Zucchini stems may split if the plant has been moved, twisted, mishandled or its own weight. This can be easily addressed. If striped cucumber beetles, which carry bacterial wilt or fungal infections are common in the garden, treat the split area with a fungicide or cover it with a bandage of tape or impermeable adhesive. Even if the main stem is damaged, the plant can survive. Press the stem together and heap moist soil over the stem joints. This permits the growth of new roots along the covered vine.

Squash Vine Borer

Winter squash, pumpkins and zucchini are especially susceptible to squash vine borer damage. The larvae tunnel into the stems. Vines wilt and may be completely girdled, causing part of the stems and leaves to rot. To determine if the borer is present, look for splits or small holes in the stem with sawdust-like frass coming out of the stem.
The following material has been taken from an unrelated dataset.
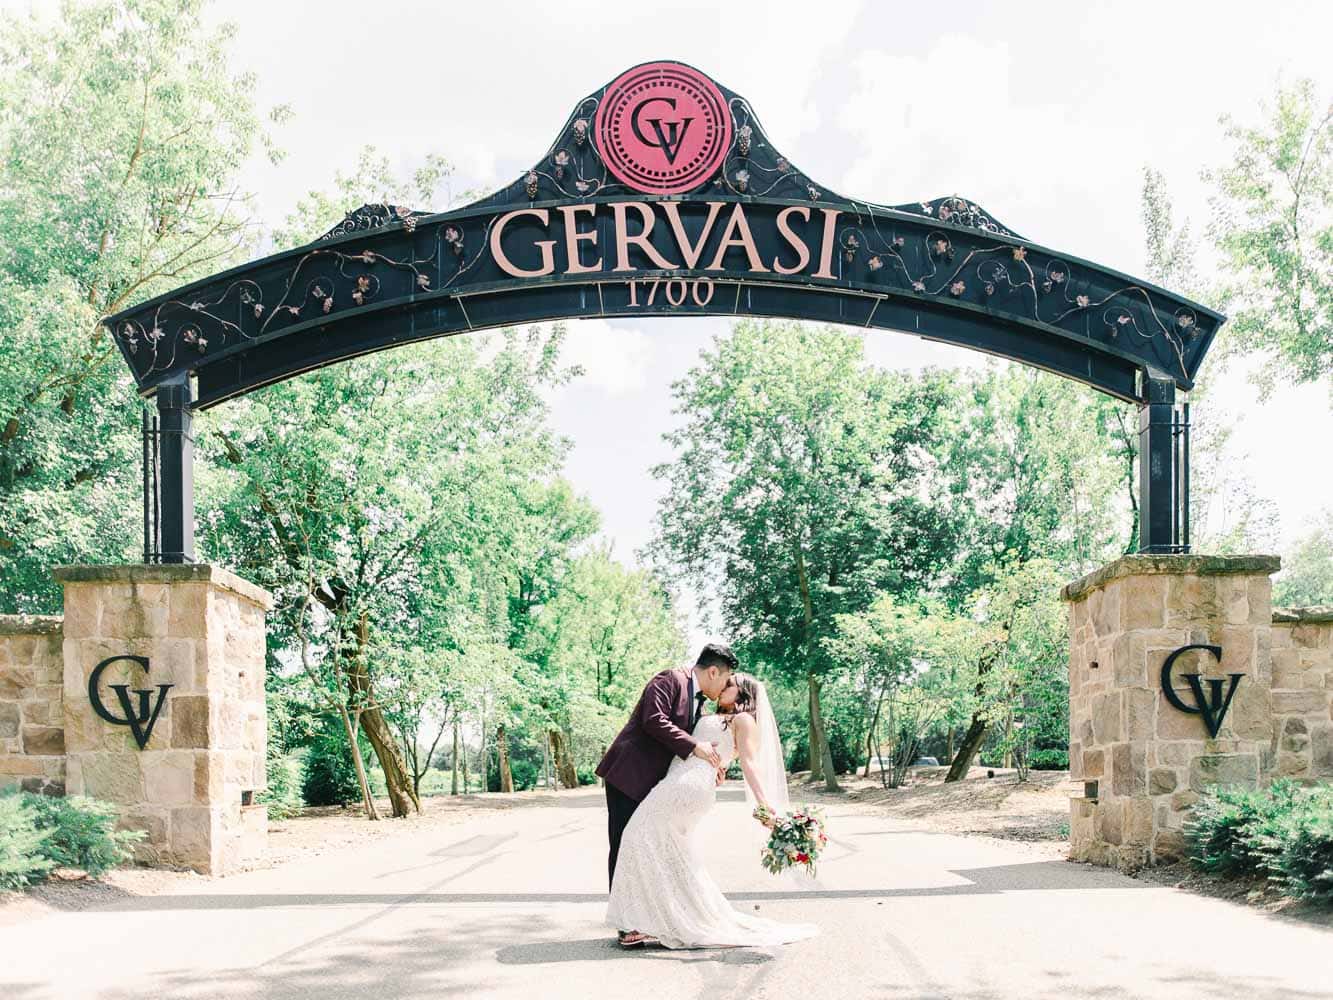 Gervasi Vineyard wedding, canton wedding photographer, Juliana Kaderbek photography, Cleveland wedding photographer

Cut this area of the stem partly open, locate and kill the larvae. Alternatively, use a sharpened wire to kill the larvae. Entomophagous nematodes can be injected into the squash plant stem to control the squash vine borer larvae.

Gummy Stem Blight

Gummy stem blight is caused by the fungi Didymella bryoniae or Phoma cucubitacearun. The infection is noticeable on low, older foliage, leaving brown lesions. It also causes brown stem lesions that often split open and become lighter in colour with age. There may be small, black, fruiting structures in this stem canker. Gummy stem blight can kill the plant. It is usually seed-borne and spreads by water splashing and strong winds. It can be avoided by using fungicide-treated seeds and infected plants can be treated with a fungicide.

Striped Cucumber Beetle

The striped cucumber beetle (Acalymma vittatum) is rarely a serious pest on zucchini but may occasionally exist in high enough numbers to be damaging. The adult beetle is 1/5 inch long with yellow-green wing covers, three black stripes and a black head. The larvae feed on roots and underground stems but cause minimal damage. Adults emerge late in the summer and feed on foliage. If populations are high enough, they also feed on roots and stems. If plants suffer more than 25 per cent defoliation during the plants' first-to-third true leaf stages, treat them with an insecticide labelled for cucurbits like permethrin, carbaryl or esfenvalerate.